● REQUIRED ACTION:
All that should come back is the lines of the data below from the one containing "Дизайн интерьера ванной" to the one containing "Fransat, Samsung, y", inclusive, exactly as they stand.

● DATASET ENTRIES:
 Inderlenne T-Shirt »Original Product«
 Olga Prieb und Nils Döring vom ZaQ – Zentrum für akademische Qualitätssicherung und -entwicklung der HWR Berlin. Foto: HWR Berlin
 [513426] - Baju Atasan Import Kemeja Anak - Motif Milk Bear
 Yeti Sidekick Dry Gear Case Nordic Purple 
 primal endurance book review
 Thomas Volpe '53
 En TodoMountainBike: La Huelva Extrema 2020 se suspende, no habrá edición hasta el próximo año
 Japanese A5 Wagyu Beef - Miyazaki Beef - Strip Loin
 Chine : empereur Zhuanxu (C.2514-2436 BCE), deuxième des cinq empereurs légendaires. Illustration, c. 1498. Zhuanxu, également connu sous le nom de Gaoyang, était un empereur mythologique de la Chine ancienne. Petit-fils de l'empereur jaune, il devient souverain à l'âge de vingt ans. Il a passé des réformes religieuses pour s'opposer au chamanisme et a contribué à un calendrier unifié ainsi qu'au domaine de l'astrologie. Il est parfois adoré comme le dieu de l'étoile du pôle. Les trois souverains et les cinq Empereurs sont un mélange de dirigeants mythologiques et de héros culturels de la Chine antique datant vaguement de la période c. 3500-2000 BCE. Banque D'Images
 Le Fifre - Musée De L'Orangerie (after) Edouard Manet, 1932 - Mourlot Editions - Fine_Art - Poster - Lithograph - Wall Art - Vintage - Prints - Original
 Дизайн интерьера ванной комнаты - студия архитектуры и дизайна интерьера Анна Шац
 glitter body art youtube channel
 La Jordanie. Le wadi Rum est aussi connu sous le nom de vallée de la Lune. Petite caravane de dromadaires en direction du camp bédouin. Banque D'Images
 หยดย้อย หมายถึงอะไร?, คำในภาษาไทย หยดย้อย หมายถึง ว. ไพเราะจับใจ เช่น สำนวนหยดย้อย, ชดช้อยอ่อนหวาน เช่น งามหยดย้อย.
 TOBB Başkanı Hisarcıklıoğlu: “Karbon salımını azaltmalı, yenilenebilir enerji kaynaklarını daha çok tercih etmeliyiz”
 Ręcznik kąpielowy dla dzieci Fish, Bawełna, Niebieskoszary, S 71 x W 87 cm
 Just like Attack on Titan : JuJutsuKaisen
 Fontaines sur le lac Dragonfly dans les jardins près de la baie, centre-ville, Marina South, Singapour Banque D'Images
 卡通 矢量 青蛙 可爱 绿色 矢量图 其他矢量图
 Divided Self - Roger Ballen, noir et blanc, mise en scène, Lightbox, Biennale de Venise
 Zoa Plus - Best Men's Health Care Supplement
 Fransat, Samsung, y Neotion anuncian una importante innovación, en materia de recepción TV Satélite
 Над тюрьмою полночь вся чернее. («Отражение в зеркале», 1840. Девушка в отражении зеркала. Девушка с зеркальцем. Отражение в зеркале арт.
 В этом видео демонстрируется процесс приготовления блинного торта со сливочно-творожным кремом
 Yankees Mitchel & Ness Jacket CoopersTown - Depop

● RESULT OF THIS EXERCISE:
 Дизайн интерьера ванной комнаты - студия архитектуры и дизайна интерьера Анна Шац
 glitter body art youtube channel
 La Jordanie. Le wadi Rum est aussi connu sous le nom de vallée de la Lune. Petite caravane de dromadaires en direction du camp bédouin. Banque D'Images
 หยดย้อย หมายถึงอะไร?, คำในภาษาไทย หยดย้อย หมายถึง ว. ไพเราะจับใจ เช่น สำนวนหยดย้อย, ชดช้อยอ่อนหวาน เช่น งามหยดย้อย.
 TOBB Başkanı Hisarcıklıoğlu: “Karbon salımını azaltmalı, yenilenebilir enerji kaynaklarını daha çok tercih etmeliyiz”
 Ręcznik kąpielowy dla dzieci Fish, Bawełna, Niebieskoszary, S 71 x W 87 cm
 Just like Attack on Titan : JuJutsuKaisen
 Fontaines sur le lac Dragonfly dans les jardins près de la baie, centre-ville, Marina South, Singapour Banque D'Images
 卡通 矢量 青蛙 可爱 绿色 矢量图 其他矢量图
 Divided Self - Roger Ballen, noir et blanc, mise en scène, Lightbox, Biennale de Venise
 Zoa Plus - Best Men's Health Care Supplement
 Fransat, Samsung, y Neotion anuncian una importante innovación, en materia de recepción TV Satélite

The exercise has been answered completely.